Вас бог степей рубил
по сосенке да с бору,
а вы лозой пошли,
как шел Бирнамский лес.

А вы лозой пошли.
А вы ветвями стали.
Шумите же смелей
колючею листвой,
чтоб из иной дали
навстречу вышли дали,
листву иных ветвей
неся над головой.

Машите же, друзья,
и пусть вам радость машет!
Мы все одна семья,
и я вам хвойный брат.
Вот вам рука моя
на лихолетье наше
и вот вам жизнь моя,
Камил, Фазиль, Булат!

Камил — это Камил Икрамов, сын первого секретаря Республиканского комитета ВКП(б) Узбекистана, расстрелянного в 1937 году. Сам Камил отбыл срок в лагере, потом стал популярным писателем для подростков («Улица оружейников», «Скворечник, в котором не жили скворцы» и др.). У Окуджавы, как и у Икрамова, отец был крупным партийно-хозяйственным деятелем. Искандер попал в этот ряд абсолютно «не по чину» — сын иранца, хоть и высланного, но не казненного. Полагаем, для русского Чухонцева было важно сформировать «интернационал» для отмщения (конечно, и с собственным участием — «и я вам хвойный брат»): «к чему молоться вздору, кто из какой земли, — у вас один замес!» А Бирнамский лес упомянут как предвестник падения тирана и убийцы Макбета.

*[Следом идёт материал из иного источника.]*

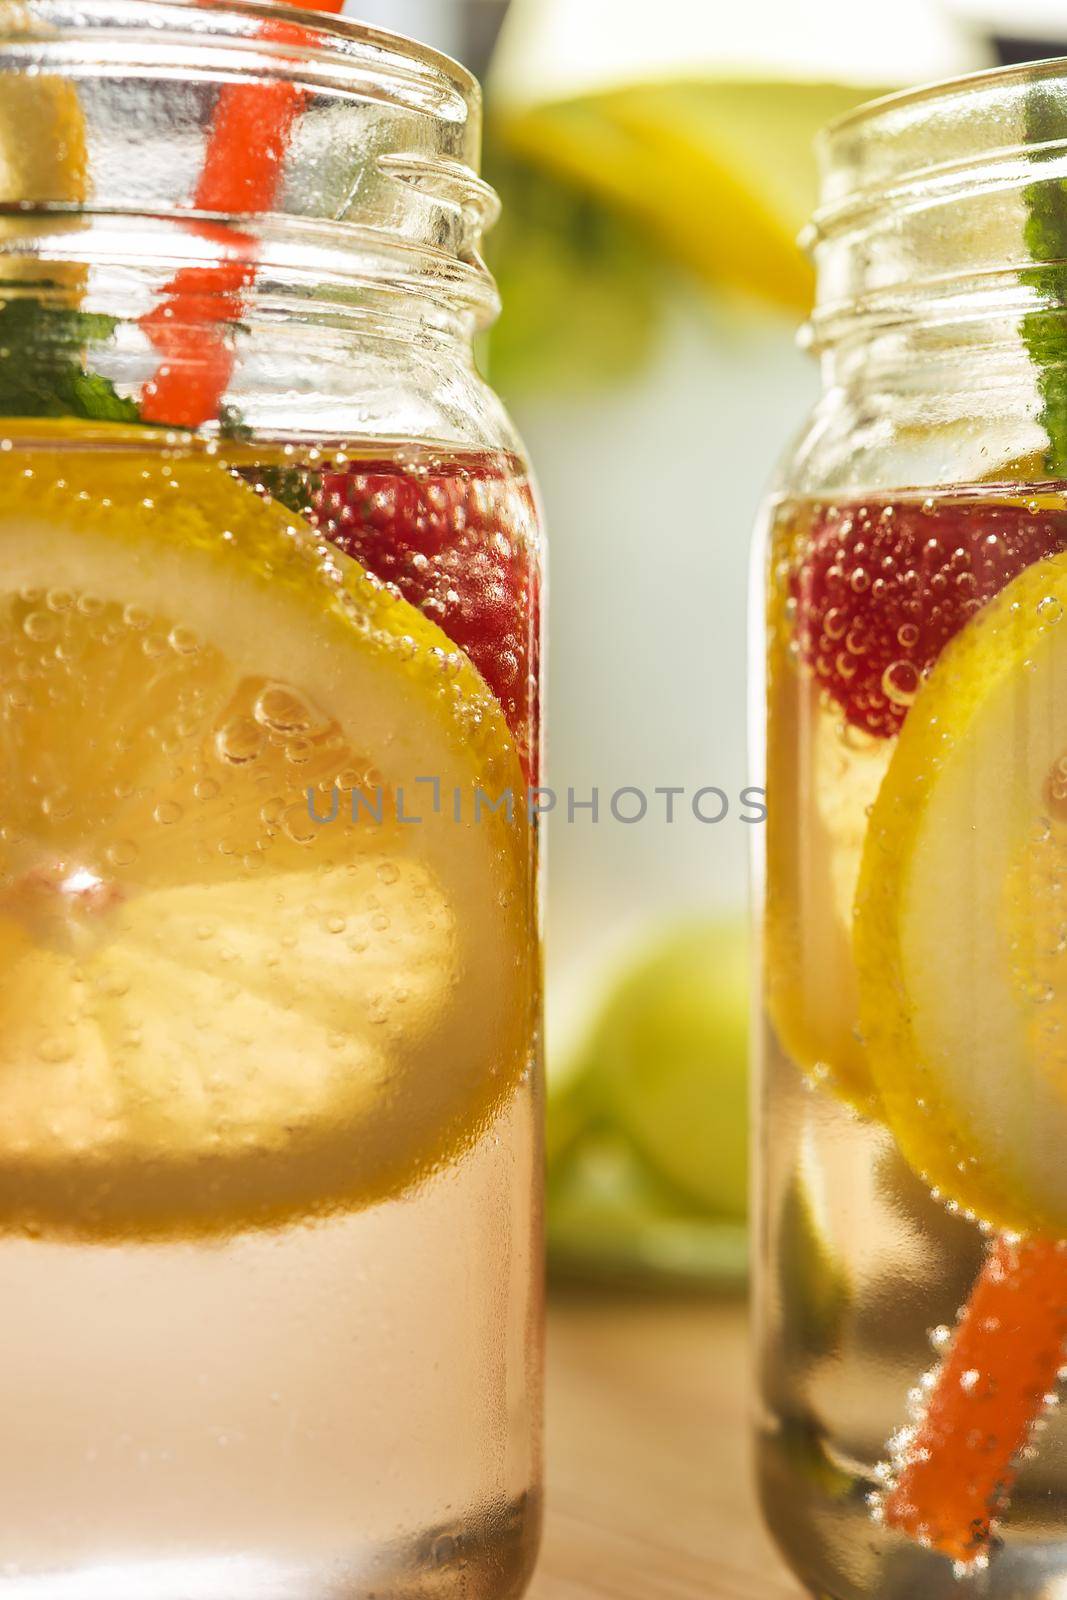 two glass jars and a bottle lit by sunlight with refreshing cold lemonade water, lemon slices, red berries, mint leaves and drink canes on a wooden table. Summer citrus soda background, vertical photo

В любом случае из перечисленной троицы Искандер, по нашему мнению, имел наименьшее желание поквитаться с кем бы то ни было. Да и Олег Чухонцев, отец которого был начальником милицейской конюшни Павловского Посада и замом начальника местной милиции, всегда жил тихо, уединенно, в особом диссидентстве замечен не был, дышал только поэзией. Продолжает и сегодня, на наше счастье.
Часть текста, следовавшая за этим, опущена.